In the entries that follow, find the line containing "Sub Base Metal 15L Bag" and the line containing "BABY born: Кукла", then retype exactly the lines from the first through the second, pictures excluded.

### Input data:
↓

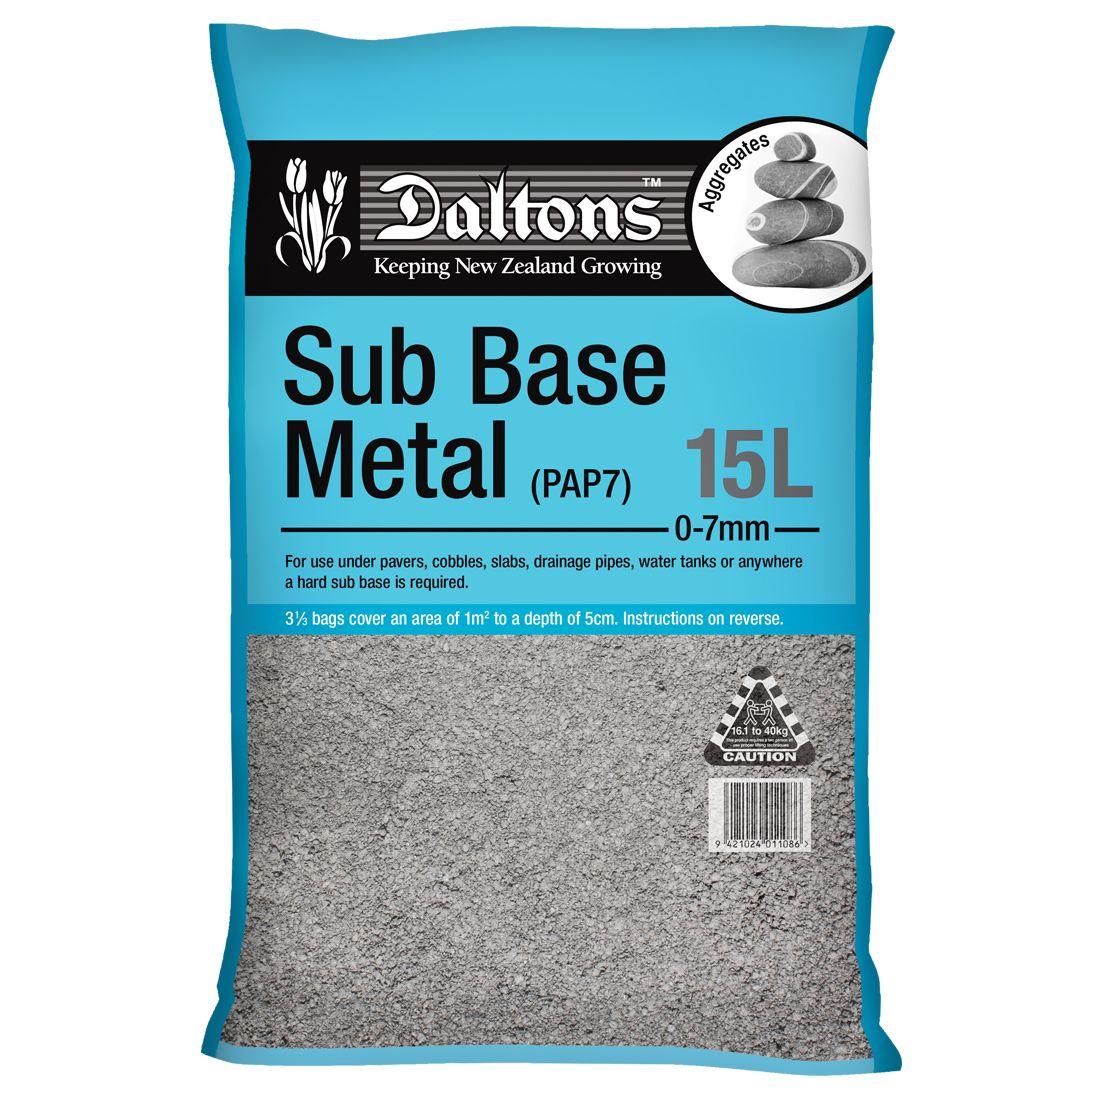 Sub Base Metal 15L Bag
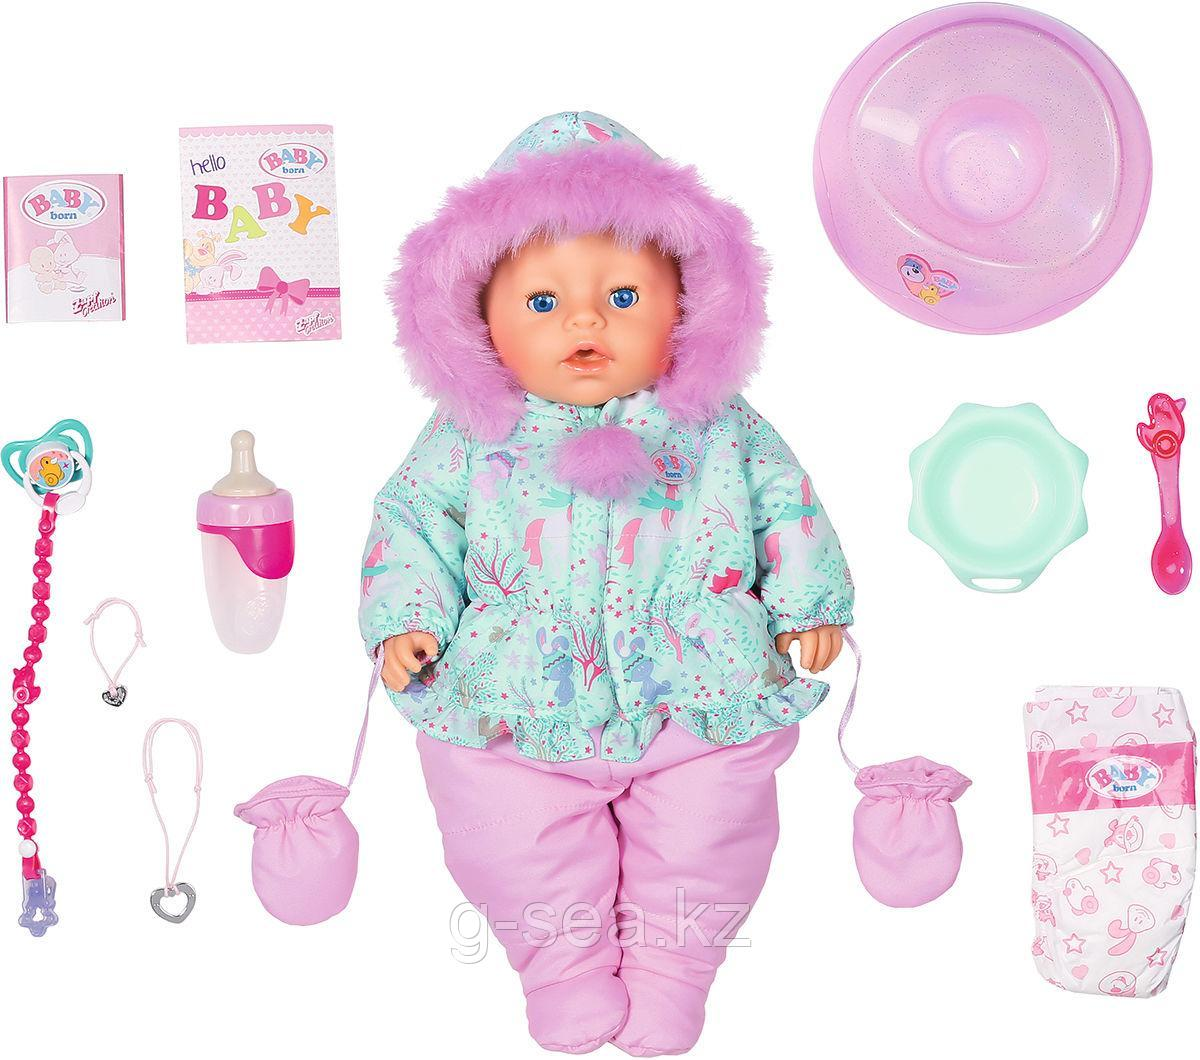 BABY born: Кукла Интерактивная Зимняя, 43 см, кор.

↑
↓

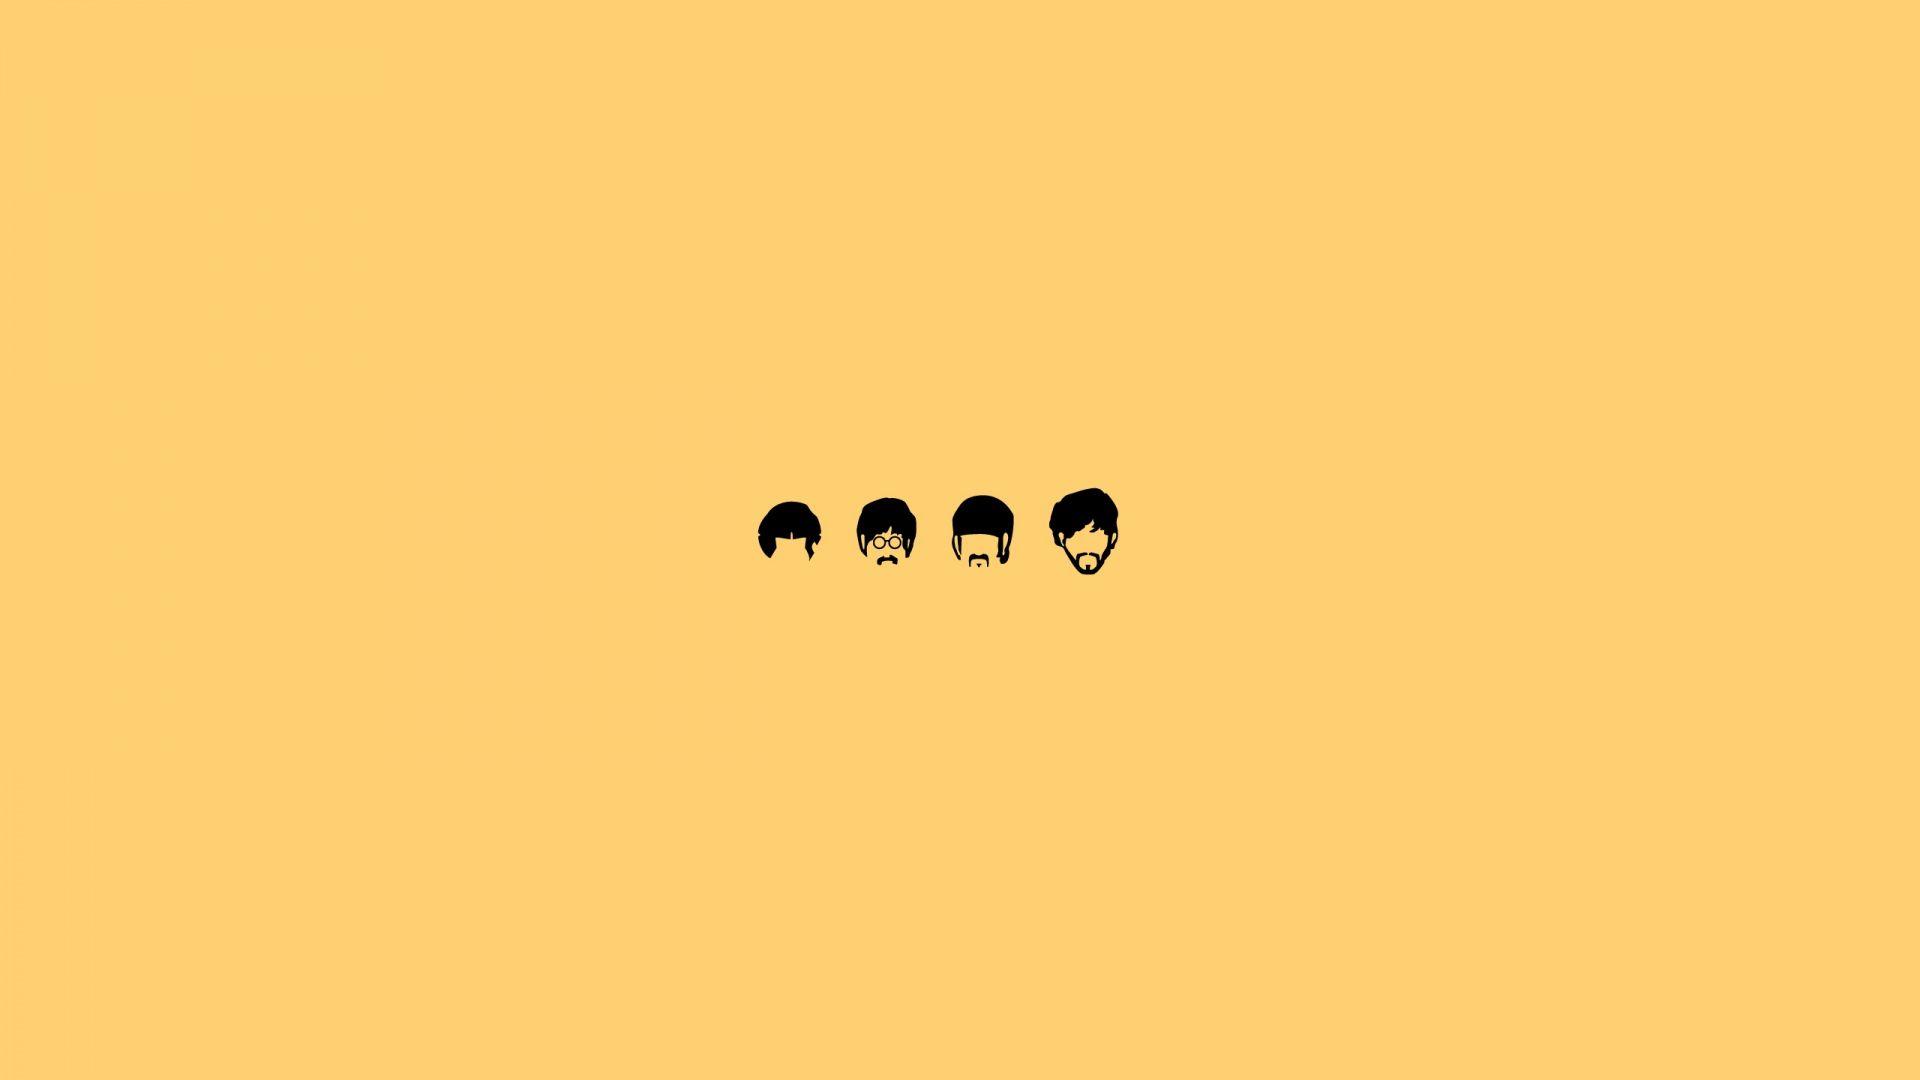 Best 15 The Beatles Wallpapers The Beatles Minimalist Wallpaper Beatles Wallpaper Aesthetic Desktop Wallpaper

↑

### Your response:
 Sub Base Metal 15L Bag
 BABY born: Кукла Интерактивная Зимняя, 43 см, кор.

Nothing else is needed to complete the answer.